(Task details): Please repeat the records below exactly, from the first line through the line containing "IGP Veranstaltung: Vortrag", and nothing more.

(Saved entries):
== Segment start ==

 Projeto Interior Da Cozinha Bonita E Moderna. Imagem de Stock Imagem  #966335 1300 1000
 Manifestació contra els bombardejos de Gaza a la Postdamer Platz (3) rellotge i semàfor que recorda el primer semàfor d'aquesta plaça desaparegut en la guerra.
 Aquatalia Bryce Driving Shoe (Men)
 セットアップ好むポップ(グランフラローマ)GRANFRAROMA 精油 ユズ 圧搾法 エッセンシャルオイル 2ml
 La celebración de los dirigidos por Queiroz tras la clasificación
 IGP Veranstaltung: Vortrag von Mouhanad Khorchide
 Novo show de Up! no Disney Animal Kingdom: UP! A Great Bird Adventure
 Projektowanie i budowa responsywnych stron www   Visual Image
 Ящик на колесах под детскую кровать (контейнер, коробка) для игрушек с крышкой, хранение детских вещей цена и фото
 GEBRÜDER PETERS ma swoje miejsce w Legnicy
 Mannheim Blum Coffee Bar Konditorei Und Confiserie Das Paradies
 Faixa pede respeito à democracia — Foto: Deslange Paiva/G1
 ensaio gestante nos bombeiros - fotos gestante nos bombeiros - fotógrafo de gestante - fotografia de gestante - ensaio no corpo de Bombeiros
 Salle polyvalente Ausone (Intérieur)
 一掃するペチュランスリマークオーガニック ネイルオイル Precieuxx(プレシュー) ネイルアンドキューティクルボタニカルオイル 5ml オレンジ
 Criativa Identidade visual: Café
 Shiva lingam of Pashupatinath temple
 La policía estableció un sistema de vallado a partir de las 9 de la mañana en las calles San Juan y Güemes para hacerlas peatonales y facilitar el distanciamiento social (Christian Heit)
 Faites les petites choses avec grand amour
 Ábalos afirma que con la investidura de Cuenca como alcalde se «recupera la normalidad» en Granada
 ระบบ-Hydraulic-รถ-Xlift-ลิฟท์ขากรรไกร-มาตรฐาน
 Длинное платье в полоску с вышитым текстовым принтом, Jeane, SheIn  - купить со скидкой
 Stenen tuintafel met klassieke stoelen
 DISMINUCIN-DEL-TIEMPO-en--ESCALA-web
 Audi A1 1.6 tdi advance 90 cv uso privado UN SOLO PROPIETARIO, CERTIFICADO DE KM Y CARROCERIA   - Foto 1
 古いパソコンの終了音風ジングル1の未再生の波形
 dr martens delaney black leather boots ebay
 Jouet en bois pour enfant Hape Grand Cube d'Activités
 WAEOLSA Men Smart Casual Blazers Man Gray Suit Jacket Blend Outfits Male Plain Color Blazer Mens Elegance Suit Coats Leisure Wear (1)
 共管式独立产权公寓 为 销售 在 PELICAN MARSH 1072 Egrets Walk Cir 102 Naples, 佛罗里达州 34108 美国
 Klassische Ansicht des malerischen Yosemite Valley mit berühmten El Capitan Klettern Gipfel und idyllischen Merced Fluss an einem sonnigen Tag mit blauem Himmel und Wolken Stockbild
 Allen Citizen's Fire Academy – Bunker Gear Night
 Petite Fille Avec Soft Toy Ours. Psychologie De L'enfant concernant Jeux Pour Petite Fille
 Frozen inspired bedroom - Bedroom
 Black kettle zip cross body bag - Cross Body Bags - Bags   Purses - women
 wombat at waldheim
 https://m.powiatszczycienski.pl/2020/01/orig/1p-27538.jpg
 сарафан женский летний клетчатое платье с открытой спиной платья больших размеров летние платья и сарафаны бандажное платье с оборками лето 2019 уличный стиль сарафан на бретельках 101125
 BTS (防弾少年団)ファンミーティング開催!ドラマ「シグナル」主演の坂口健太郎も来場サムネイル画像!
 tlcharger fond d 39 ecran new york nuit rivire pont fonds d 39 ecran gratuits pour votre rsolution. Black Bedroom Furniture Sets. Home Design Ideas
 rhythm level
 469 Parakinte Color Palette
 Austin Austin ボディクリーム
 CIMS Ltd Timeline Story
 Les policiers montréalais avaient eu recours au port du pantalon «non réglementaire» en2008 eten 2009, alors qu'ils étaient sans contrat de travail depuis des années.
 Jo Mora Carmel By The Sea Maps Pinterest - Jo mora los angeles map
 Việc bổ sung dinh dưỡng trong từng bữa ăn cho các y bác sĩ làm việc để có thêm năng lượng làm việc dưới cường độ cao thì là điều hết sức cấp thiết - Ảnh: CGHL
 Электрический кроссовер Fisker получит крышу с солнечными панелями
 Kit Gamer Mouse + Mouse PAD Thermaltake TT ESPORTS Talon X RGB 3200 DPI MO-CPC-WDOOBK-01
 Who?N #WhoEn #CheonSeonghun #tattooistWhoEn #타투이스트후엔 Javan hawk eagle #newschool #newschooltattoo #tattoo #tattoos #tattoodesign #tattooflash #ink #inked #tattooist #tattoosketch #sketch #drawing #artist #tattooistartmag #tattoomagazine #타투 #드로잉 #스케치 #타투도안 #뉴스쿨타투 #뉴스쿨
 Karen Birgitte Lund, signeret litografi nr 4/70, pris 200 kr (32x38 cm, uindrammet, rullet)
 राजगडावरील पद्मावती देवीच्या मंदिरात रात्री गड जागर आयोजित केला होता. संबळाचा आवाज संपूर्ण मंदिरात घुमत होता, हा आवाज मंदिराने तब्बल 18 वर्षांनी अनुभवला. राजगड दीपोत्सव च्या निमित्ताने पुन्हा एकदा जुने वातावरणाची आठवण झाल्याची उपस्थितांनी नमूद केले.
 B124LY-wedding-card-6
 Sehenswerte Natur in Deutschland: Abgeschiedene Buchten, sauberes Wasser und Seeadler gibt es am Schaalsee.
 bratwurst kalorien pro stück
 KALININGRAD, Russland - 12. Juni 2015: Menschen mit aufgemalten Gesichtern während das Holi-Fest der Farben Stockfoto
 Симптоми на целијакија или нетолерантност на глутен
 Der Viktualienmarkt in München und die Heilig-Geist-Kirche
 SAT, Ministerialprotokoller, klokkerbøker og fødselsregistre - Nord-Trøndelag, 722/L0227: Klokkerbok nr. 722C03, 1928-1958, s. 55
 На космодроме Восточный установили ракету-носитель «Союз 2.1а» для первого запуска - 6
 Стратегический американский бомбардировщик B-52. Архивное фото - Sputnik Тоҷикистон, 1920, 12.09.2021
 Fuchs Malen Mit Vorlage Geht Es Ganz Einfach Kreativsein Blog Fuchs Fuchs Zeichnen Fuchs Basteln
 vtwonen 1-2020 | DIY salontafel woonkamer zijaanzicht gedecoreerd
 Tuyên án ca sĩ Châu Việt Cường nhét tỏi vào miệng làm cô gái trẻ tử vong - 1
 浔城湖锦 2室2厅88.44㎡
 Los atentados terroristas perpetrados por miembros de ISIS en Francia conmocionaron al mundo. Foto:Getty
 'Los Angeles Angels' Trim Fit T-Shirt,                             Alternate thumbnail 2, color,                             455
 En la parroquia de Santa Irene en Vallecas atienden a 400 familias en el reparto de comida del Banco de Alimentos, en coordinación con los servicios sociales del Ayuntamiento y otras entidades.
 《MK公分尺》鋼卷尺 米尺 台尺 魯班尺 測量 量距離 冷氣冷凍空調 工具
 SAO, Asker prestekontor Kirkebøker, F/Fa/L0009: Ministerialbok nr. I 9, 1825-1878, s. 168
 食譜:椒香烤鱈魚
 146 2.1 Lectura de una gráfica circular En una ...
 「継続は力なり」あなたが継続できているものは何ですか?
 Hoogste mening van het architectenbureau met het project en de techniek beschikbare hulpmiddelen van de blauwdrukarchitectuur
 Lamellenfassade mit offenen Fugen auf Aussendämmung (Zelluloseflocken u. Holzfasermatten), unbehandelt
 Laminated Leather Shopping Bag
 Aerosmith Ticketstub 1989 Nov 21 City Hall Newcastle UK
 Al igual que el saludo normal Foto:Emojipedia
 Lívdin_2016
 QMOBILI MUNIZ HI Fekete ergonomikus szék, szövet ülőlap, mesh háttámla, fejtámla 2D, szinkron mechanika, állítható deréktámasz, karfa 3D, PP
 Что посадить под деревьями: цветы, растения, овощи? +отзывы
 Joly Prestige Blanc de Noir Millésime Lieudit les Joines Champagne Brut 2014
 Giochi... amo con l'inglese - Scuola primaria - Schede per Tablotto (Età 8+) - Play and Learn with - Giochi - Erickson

== Segment end ==

(Result for this task):
 Projeto Interior Da Cozinha Bonita E Moderna. Imagem de Stock Imagem  #966335 1300 1000
 Manifestació contra els bombardejos de Gaza a la Postdamer Platz (3) rellotge i semàfor que recorda el primer semàfor d'aquesta plaça desaparegut en la guerra.
 Aquatalia Bryce Driving Shoe (Men)
 セットアップ好むポップ(グランフラローマ)GRANFRAROMA 精油 ユズ 圧搾法 エッセンシャルオイル 2ml
 La celebración de los dirigidos por Queiroz tras la clasificación
 IGP Veranstaltung: Vortrag von Mouhanad Khorchide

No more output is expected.